Tables 1 and 2 provide some indication of how long it takes for different Whisper implementations in Speech2Text (v2.2.2) to generate captions (VTT file) for a 19-minute audio recording (times based on 2nd run).

**Table 1**. Comparison between whisper, mlx-whisper, whisper.cpp and faster-whisper (base model).
	MacBook Pro (M1 Max)^a	PC (i9 + RTX A4000)^b
whisper	4m15s	2m49s
MLX whisper	13s	NA
whisper.cpp (CPU)	NA	1m33s
whisper.cpp (CUDA)	NA	22s
whisper.cpp (Metal)	22s	NA
faster-whisper (CPU, int8)	59s
^a14" MacBook Pro (macOS 15.1.1, 32 GB, M1 Max, 24 GPU cores). ^bThinkStation P360 (Windows 11, 32 GB, Intel i9 12th gen, RTX A4000).

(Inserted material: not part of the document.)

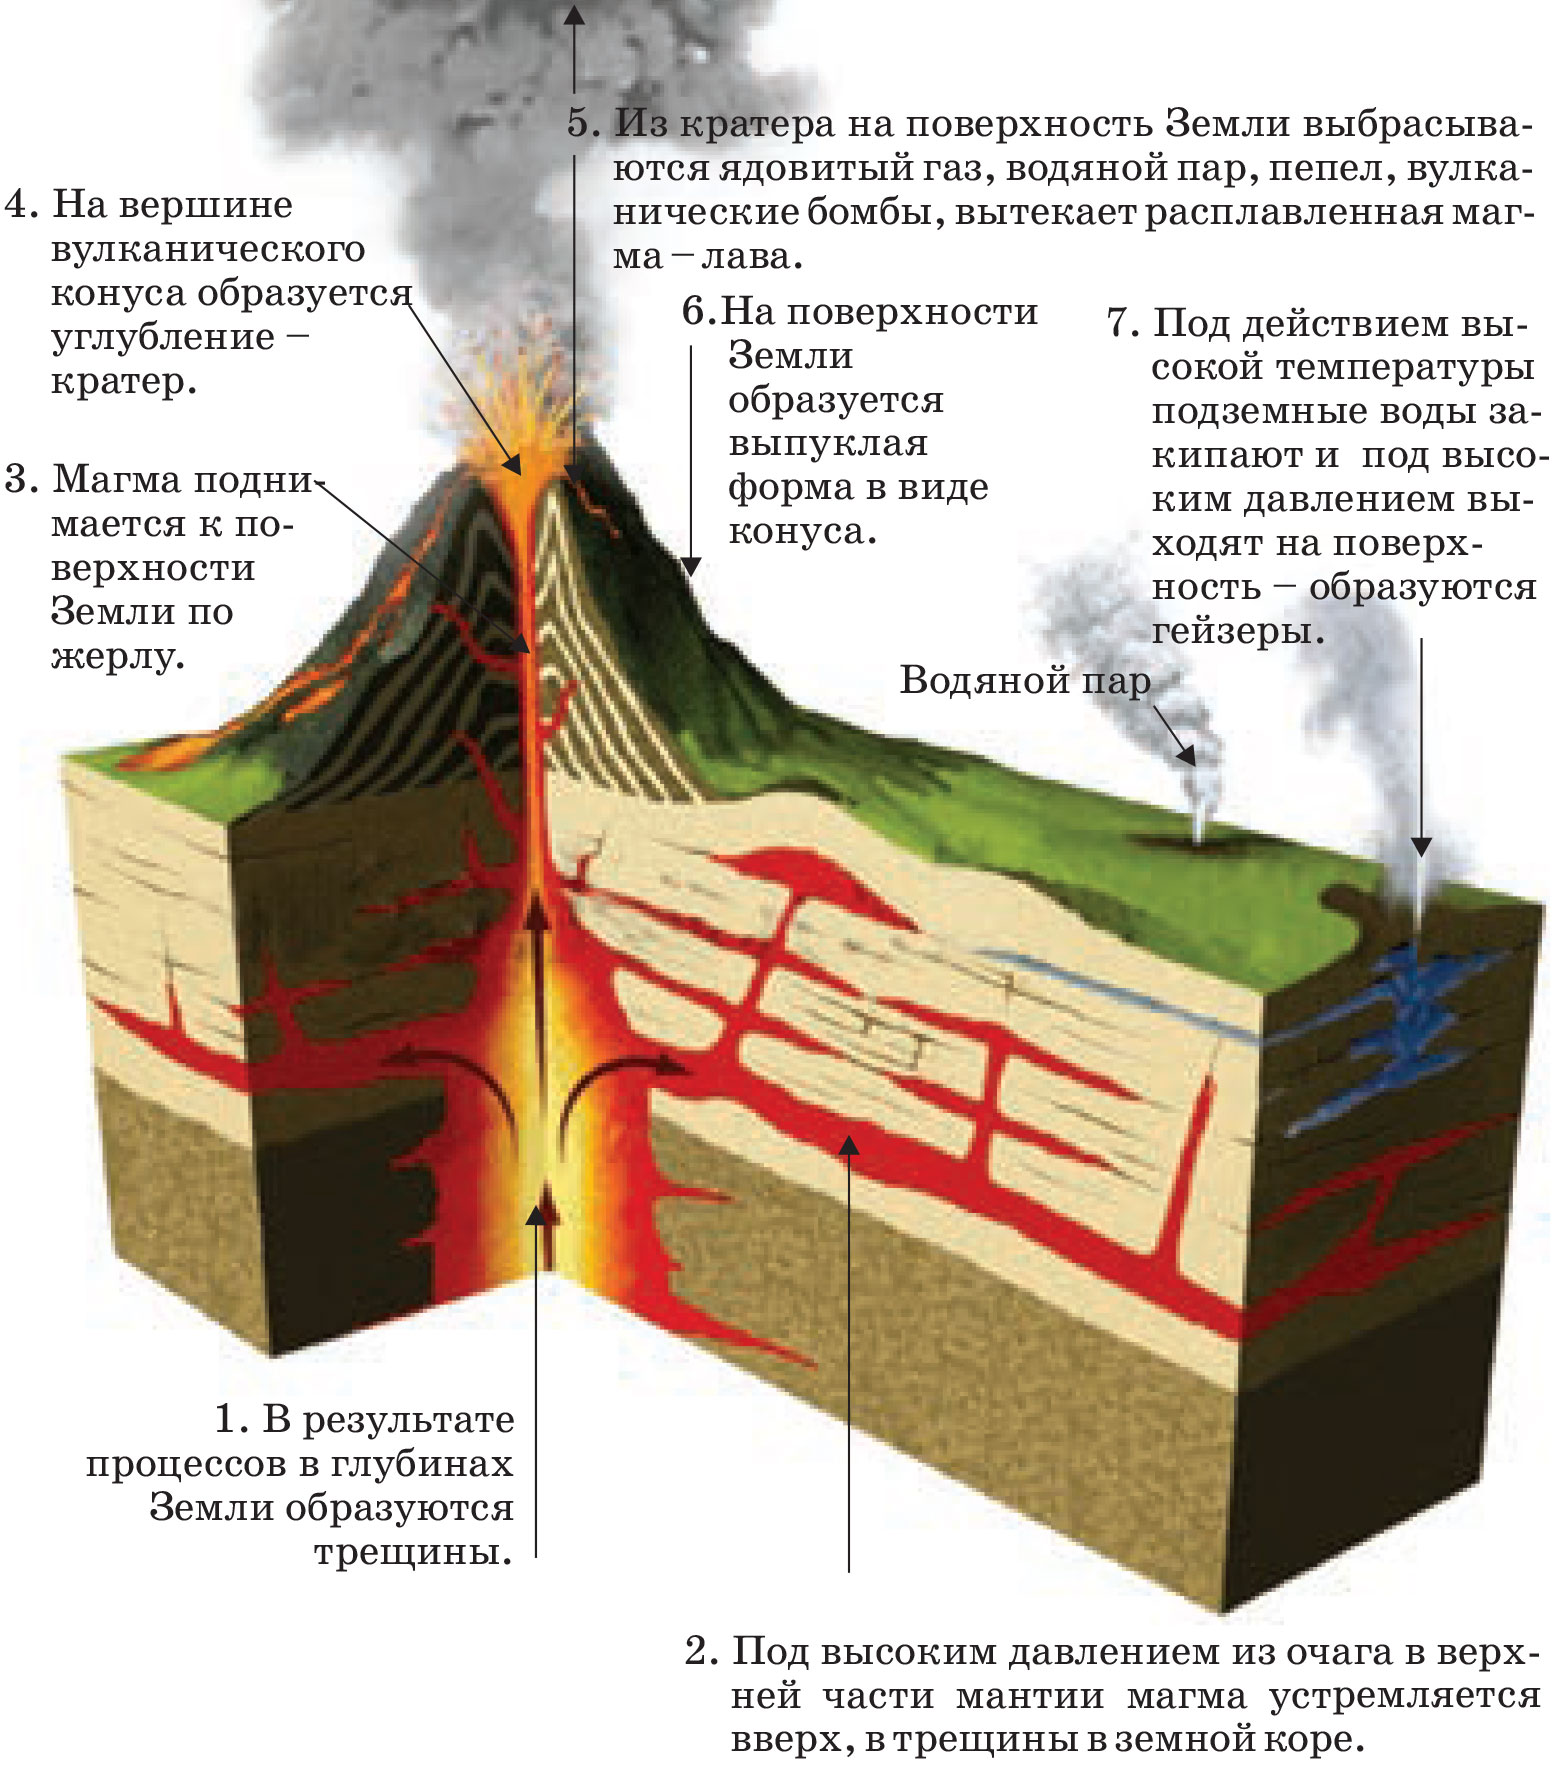 Извержение вулкана схема

**Table 2**. Comparison between whisper, mlx-whisper, whisper.cpp and faster-whisper (large-v2 model).
	MacBook Pro (M1 Max)^a	PC (i9 + RTX A4000)^b
whisper
MLX whisper	1m31s	NA
whisper.cpp (CPU)	NA	21m17s
whisper.cpp (CUDA)	NA	1m51s
whisper.cpp (Metal)	3m50s	NA
faster-whisper (CPU, int8)
^a14" MacBook Pro (macOS 15.1.1, 32 GB, M1 Max, 24 GPU cores). ^bThinkStation P360 (Windows 11, 32 GB, Intel i9 12th gen, RTX A4000).

Install FFmpeg

Instructions how to install FFmpeg can be found in the sections below.

macOS

Open the Terminal in macOS.

If you have not yet installed Homebrew (brew) on your computer, follow the instruction on this website: https://brew.sh

Next, enter the following command to install FFmpeg.

%brew install ffmpeg

Windows

You can use Scoop or Chocolatey to install FFmpeg on Windows.

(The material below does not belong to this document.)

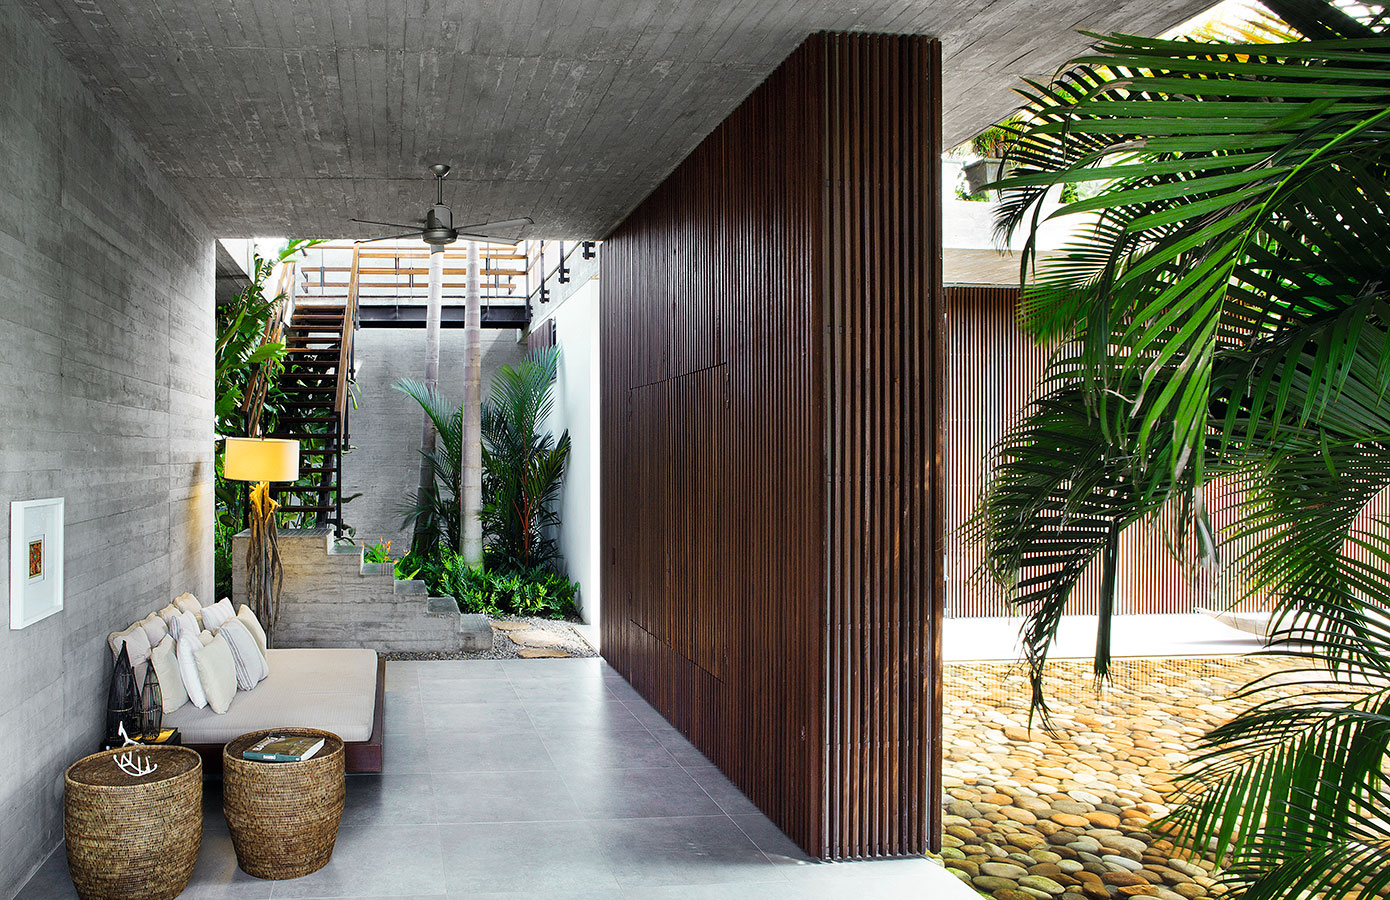 Racionalismo tropical: arquitectura de concreto y madera en una tierra cálida colombiana

Open the PowerShell Terminal in Windows.

Scoop

If you have not yet installed scoop on your computer, follow the instruction on this website: https://scoop.sh

Next, enter the following command to install FFmpeg.

>scoop install ffmpeg

Chocolatey

If you have not yet installed Chocolatey on your computer, follow the instruction on this website: https://community.chocolatey.org

Next, enter the following command to install FFmpeg.

>choco install ffmpeg

Source code

The source code is available at https://github.com/waltervanheuven/speech2text.

If you have any questions, contact Walter van Heuven

Known issues

OpenAI's whisper and mlx-whisper require that FFmpeg is installed.